No. The claim is narrower: most of the dataflow tools people argue about — ETL tools, query planners, build systems, schedulers, container build chains, version control — sit on a DAG of data dependencies. Outside dataflow (event loops, reactive systems, programs whose control flow depends on mutable shared state), the framing has known edges. See *where this breaks*.
What about cycles? Loops? Recursion?
Some unroll, some don't. A loop over independent items expands into N independent nodes; a loop accumulating into a single state becomes a chain. But a `while` loop whose termination depends on runtime state doesn't unroll without running it, and direct or mutual recursion stays cyclic in the static call graph. The post is about data-dependency DAGs, not function-call graphs of arbitrary programs.
Aren't function call graphs DAGs anyway?
Generally no. Recursion (direct or mutual) puts cycles in a static call graph. The data-dependency graph in a dataflow program — *the value of node B depends on the value of node A* — is what's reliably a DAG. The function-level call graph of an arbitrary program isn't, and the post isn't about that.
How does Flowfile actually expose multiple zoom levels?
Three of them, on the same flow.
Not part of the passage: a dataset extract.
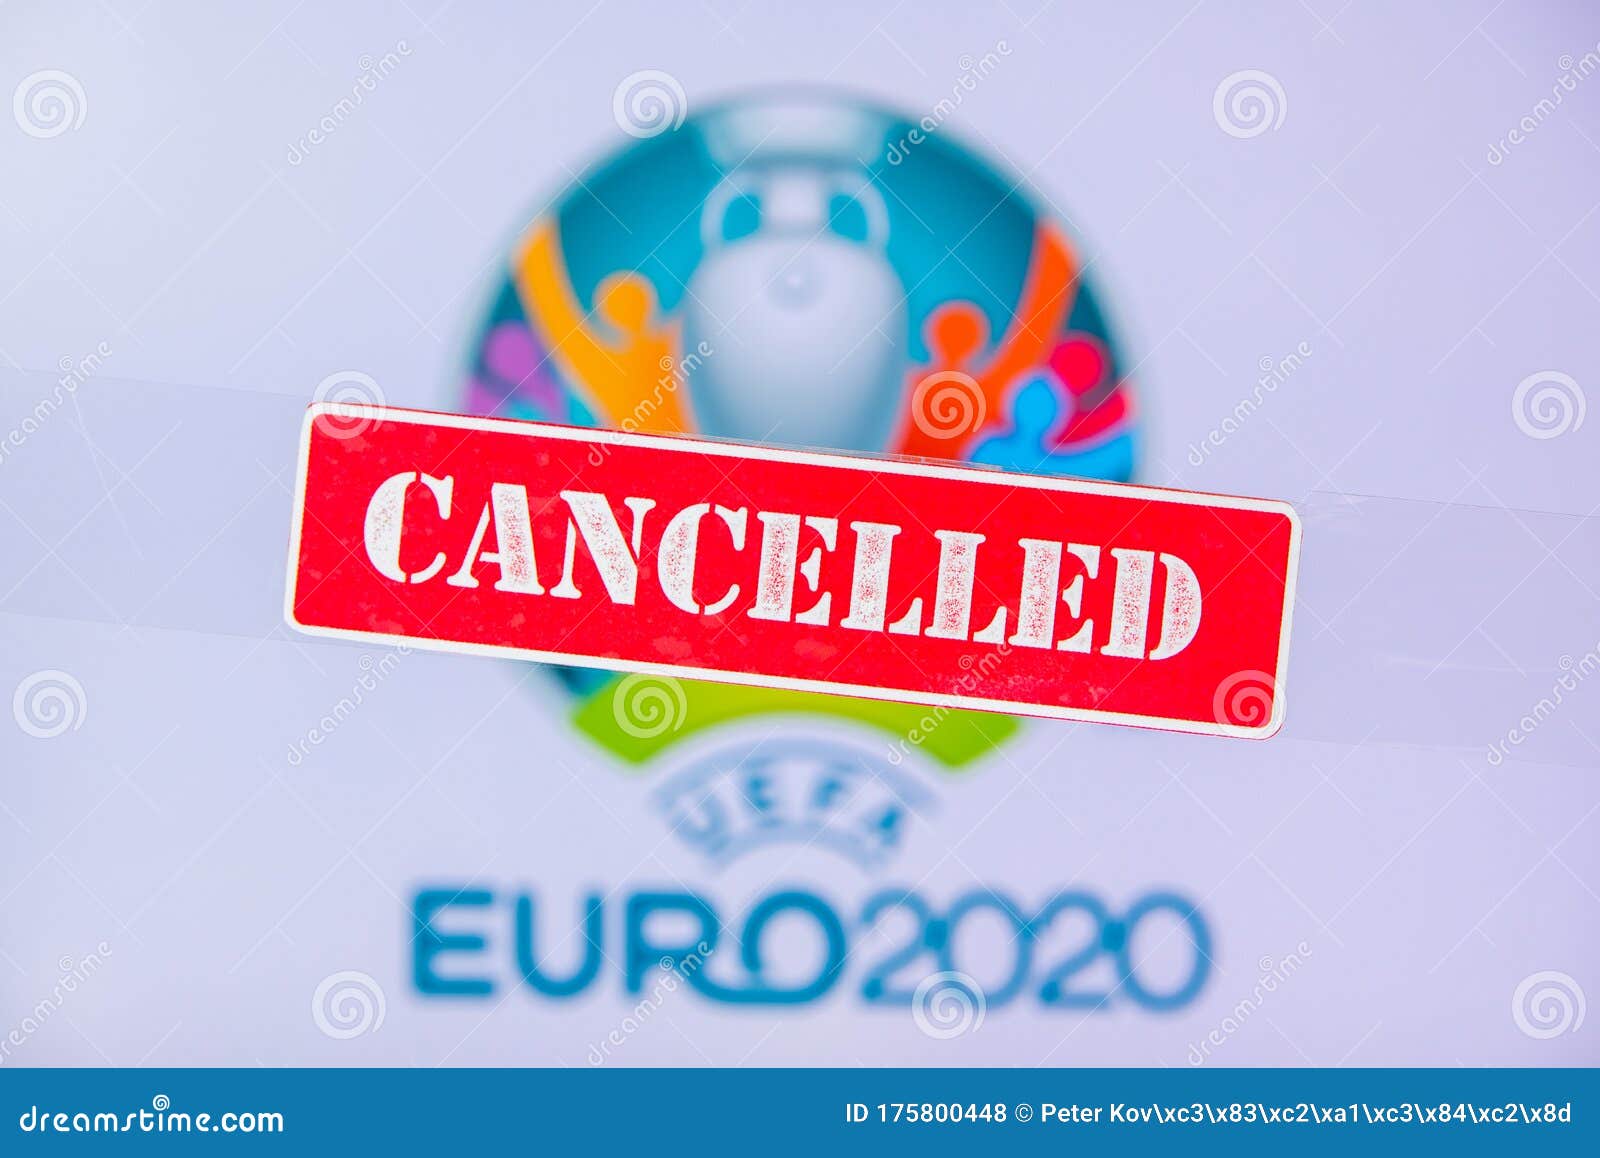 euro pro tour cancelled

The canvas shows one node per logical step. Each node has an inspectable expression DAG underneath — the Polars expressions the form is bound to. And the physical plan you see in `.explain(optimized=True)` is a third zoom: filter pushdown, projection pruning, the optimised operator order. Same flow, three views.
Where does this framing break?
Reactive systems with backpressure, watermarked stream processors, and any runtime where the topology rewires itself per event don't unroll cleanly into a static DAG. The framing is about deferred-but-finite work, not perpetual-motion event loops. Treat it as a useful default that has known edges, not a universal law.